**YOUR TASK**
Leaving the pictures aside, repeat every line below exactly.

**STORED DATA**

- - - -

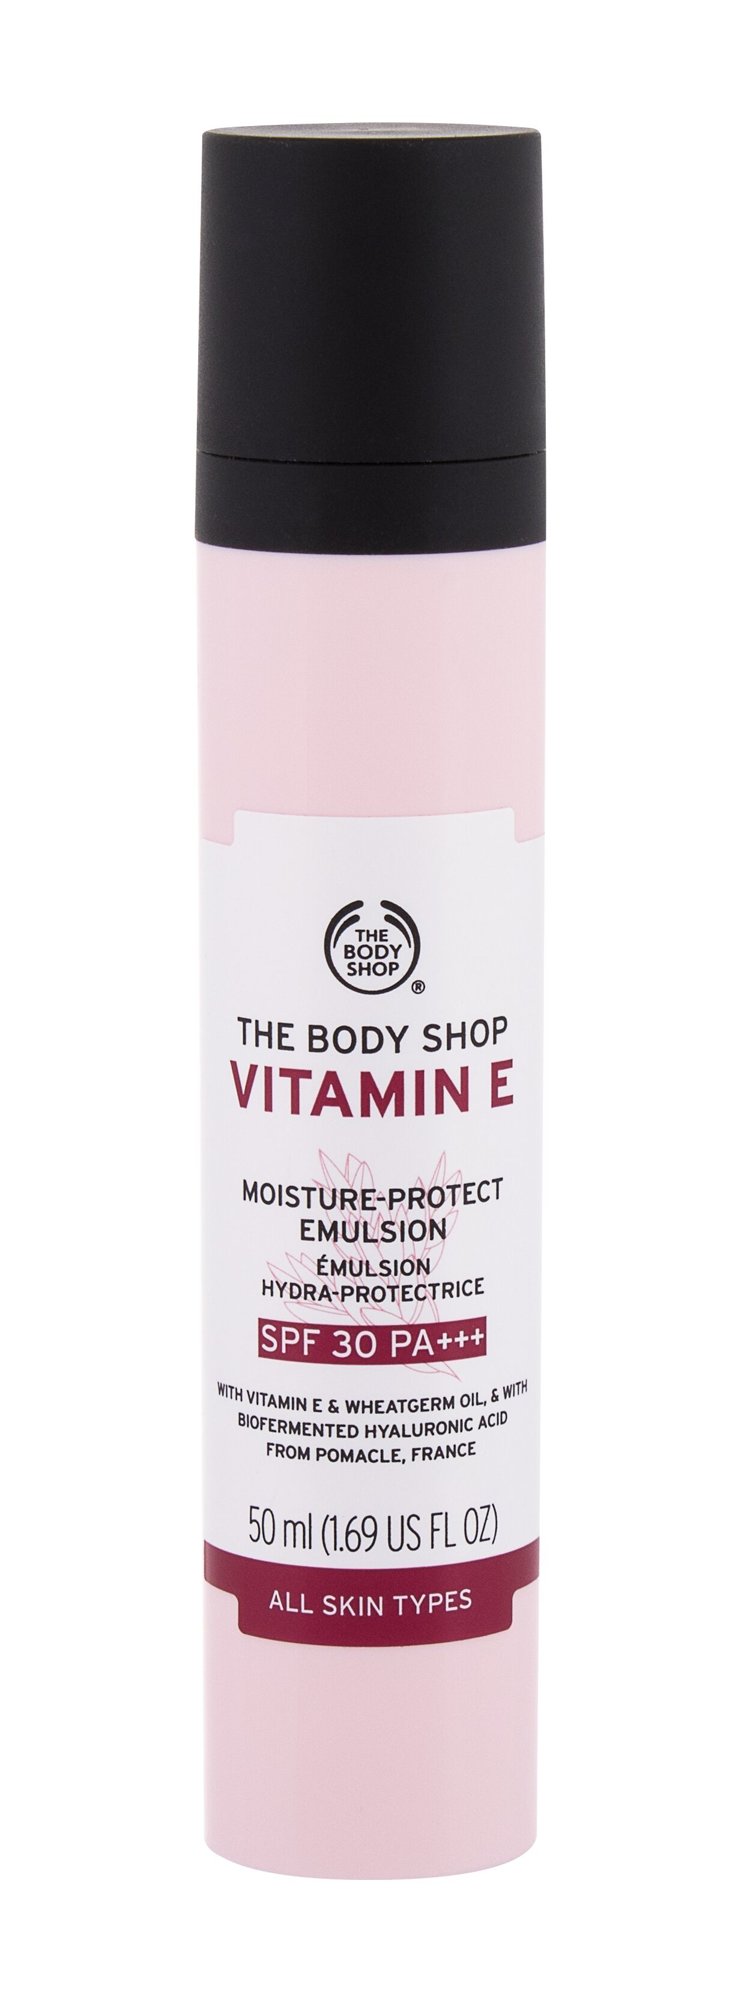 The Body Shop Vitamin E
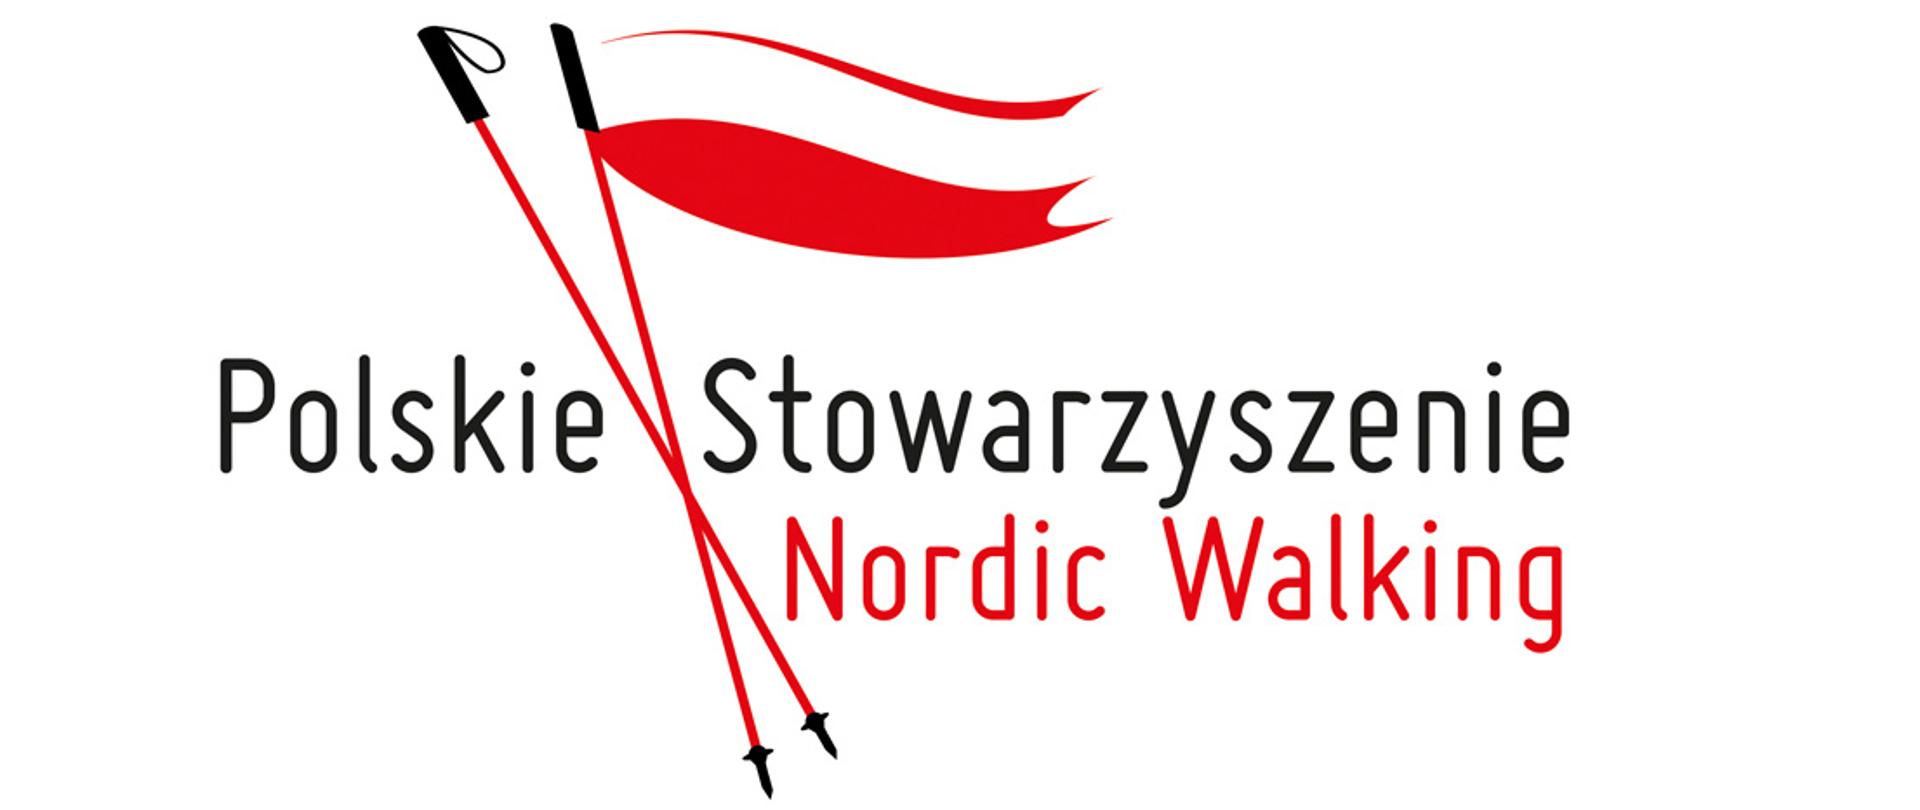 Polskie Stowarzyszenie Nordic Walking
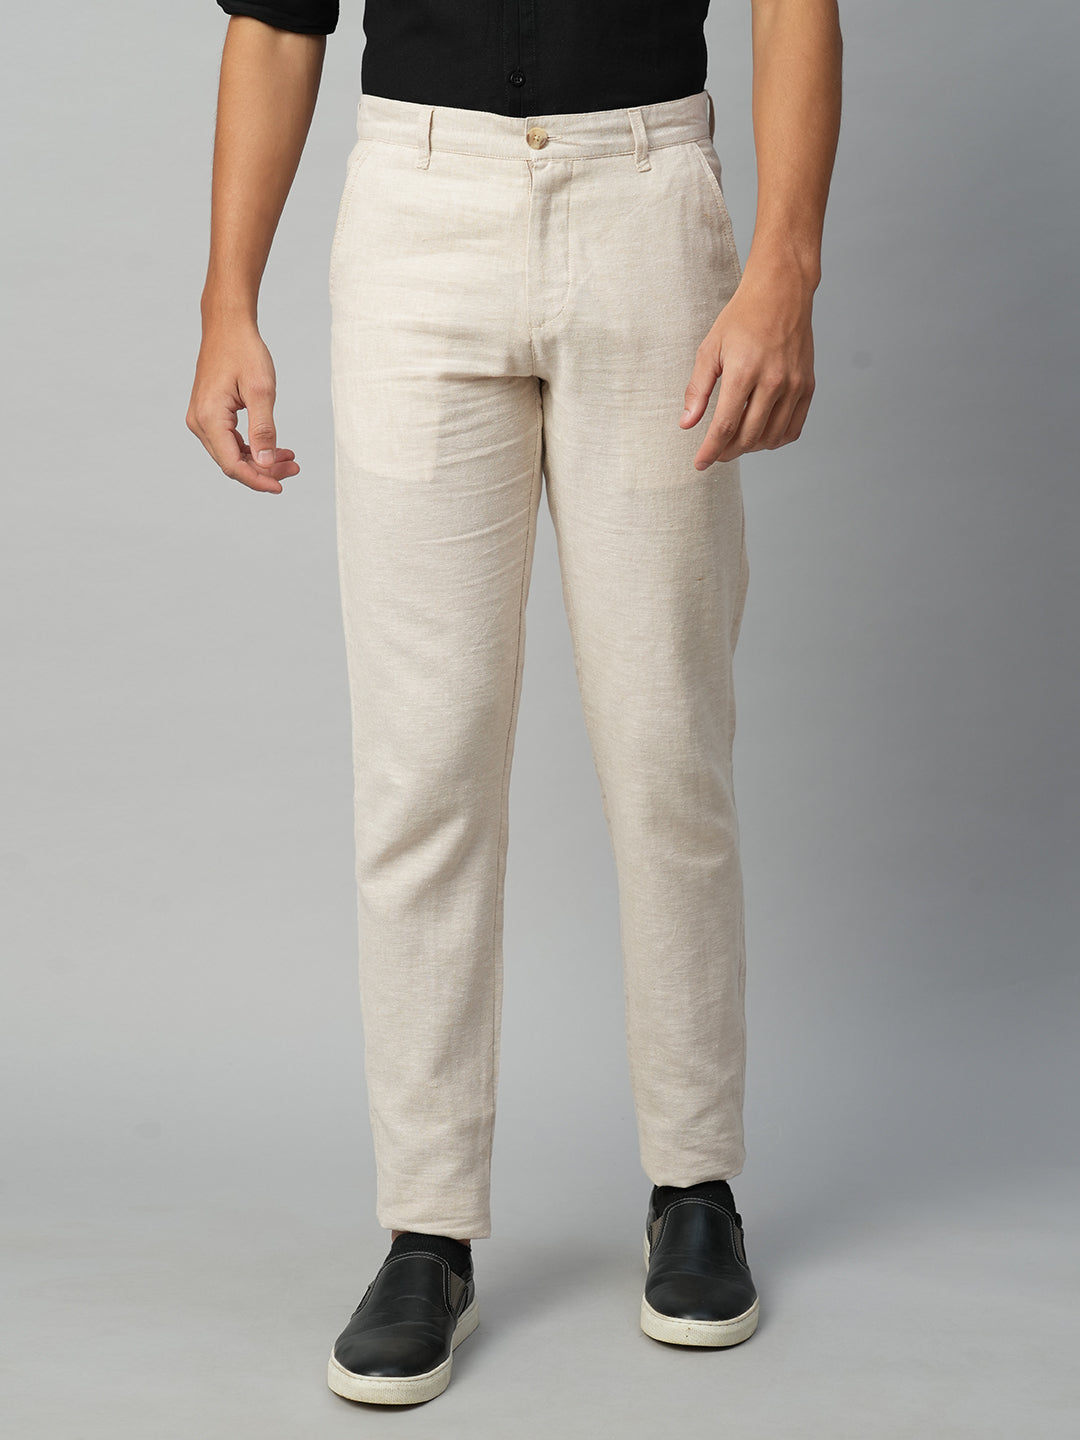 Men's Cotton Linen  Natural Slim Fit Pant

- - - -

**YOUR SOLUTION**
 The Body Shop Vitamin E
 Polskie Stowarzyszenie Nordic Walking
 Men's Cotton Linen  Natural Slim Fit Pant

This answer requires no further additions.